Information ->
◇ ◇ ◇

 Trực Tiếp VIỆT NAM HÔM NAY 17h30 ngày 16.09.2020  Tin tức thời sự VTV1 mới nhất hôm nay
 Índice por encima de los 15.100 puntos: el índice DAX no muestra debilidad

◇ ◇ ◇

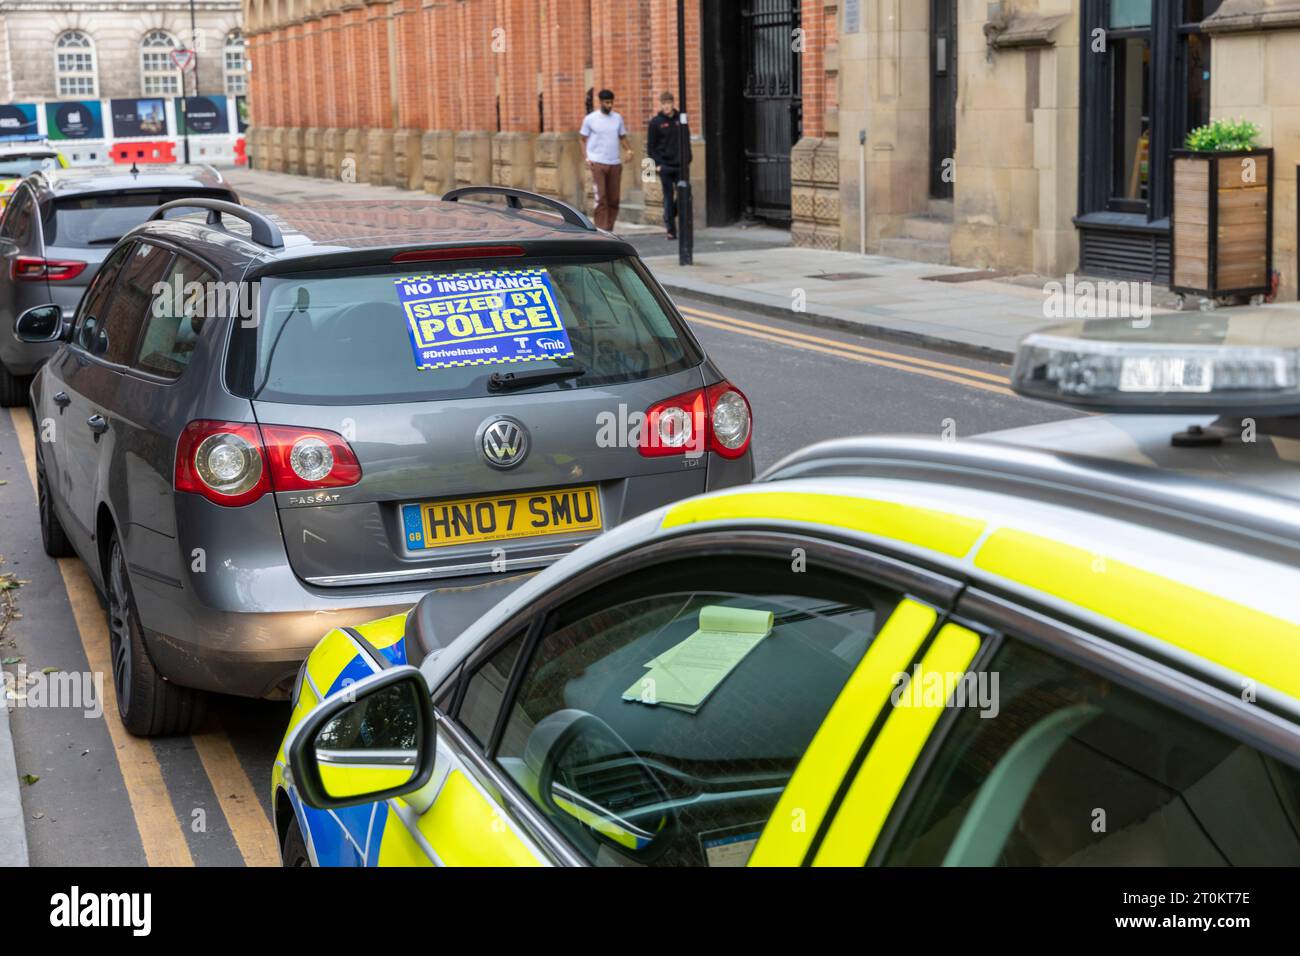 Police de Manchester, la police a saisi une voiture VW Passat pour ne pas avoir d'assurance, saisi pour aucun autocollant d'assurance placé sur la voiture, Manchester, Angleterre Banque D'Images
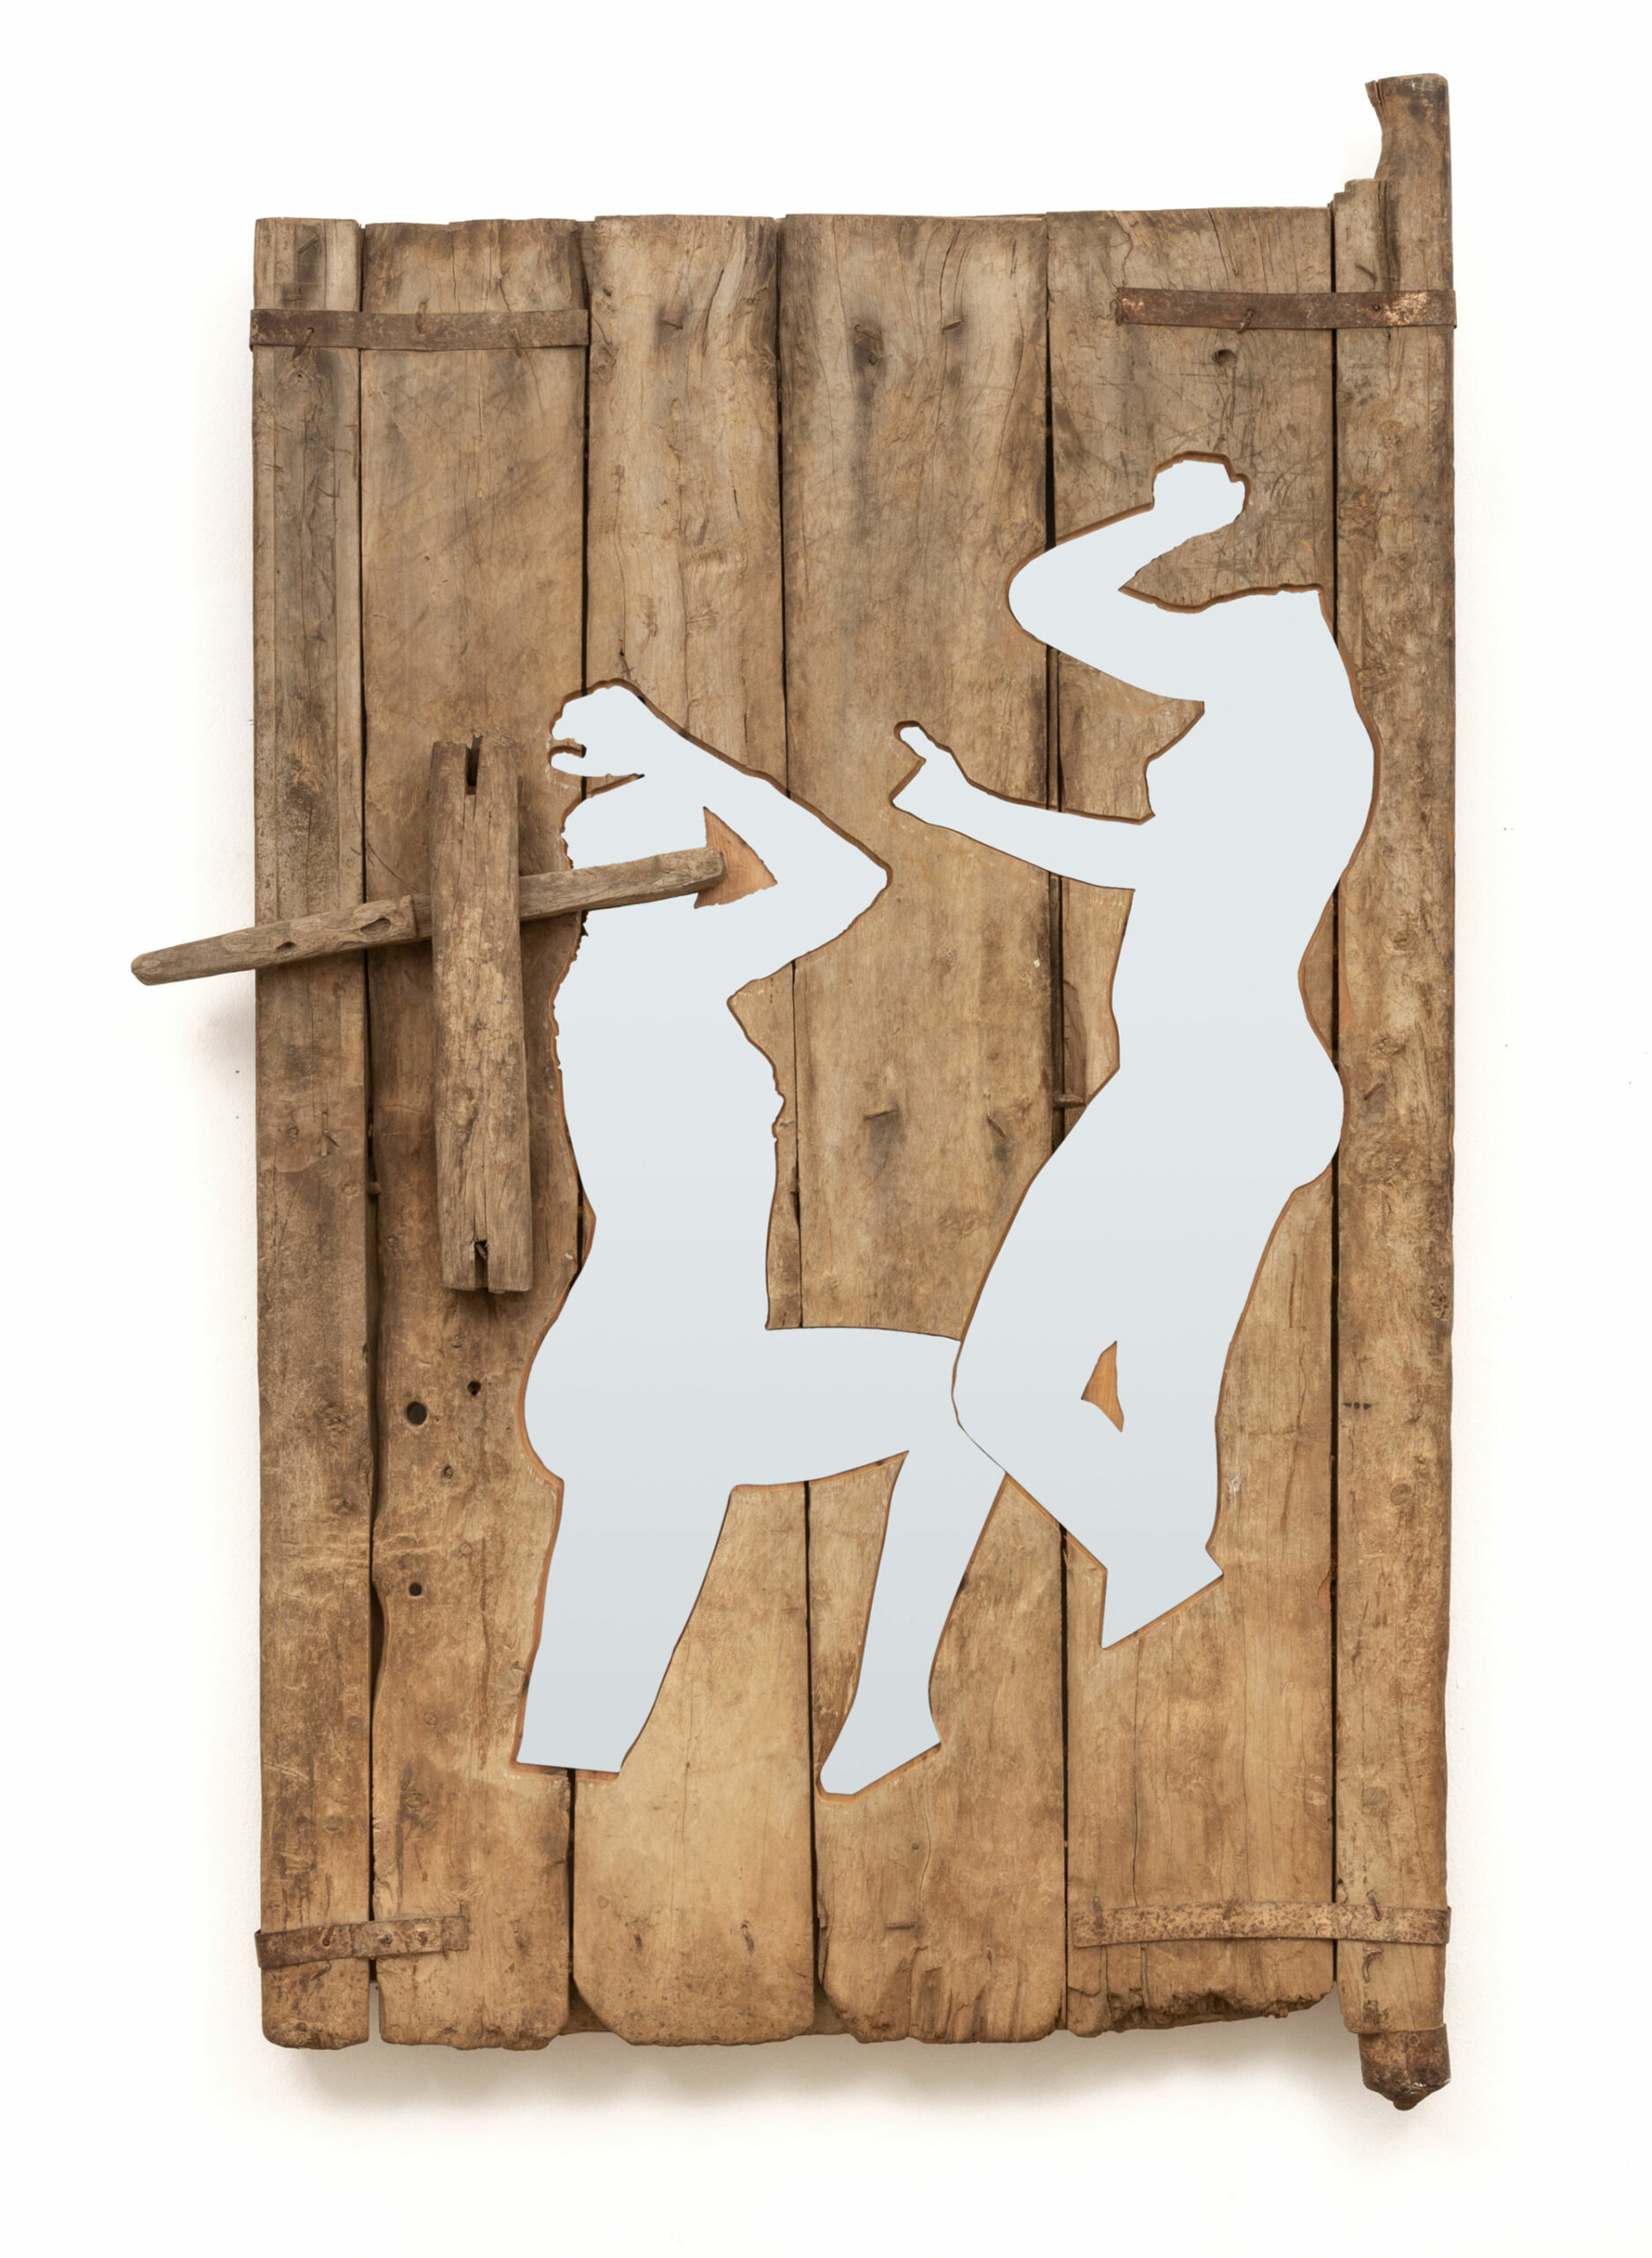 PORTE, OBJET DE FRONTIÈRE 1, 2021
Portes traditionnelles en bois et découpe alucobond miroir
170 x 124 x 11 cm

◇ ◇ ◇

Exercise -> Repeat exactly the lines above from the one with "Portes traditionnelles en" up to and including the one with "170 x 124 x 11 cm". No other line belongs in the reply.

Exercise answer ->
Portes traditionnelles en bois et découpe alucobond miroir
170 x 124 x 11 cm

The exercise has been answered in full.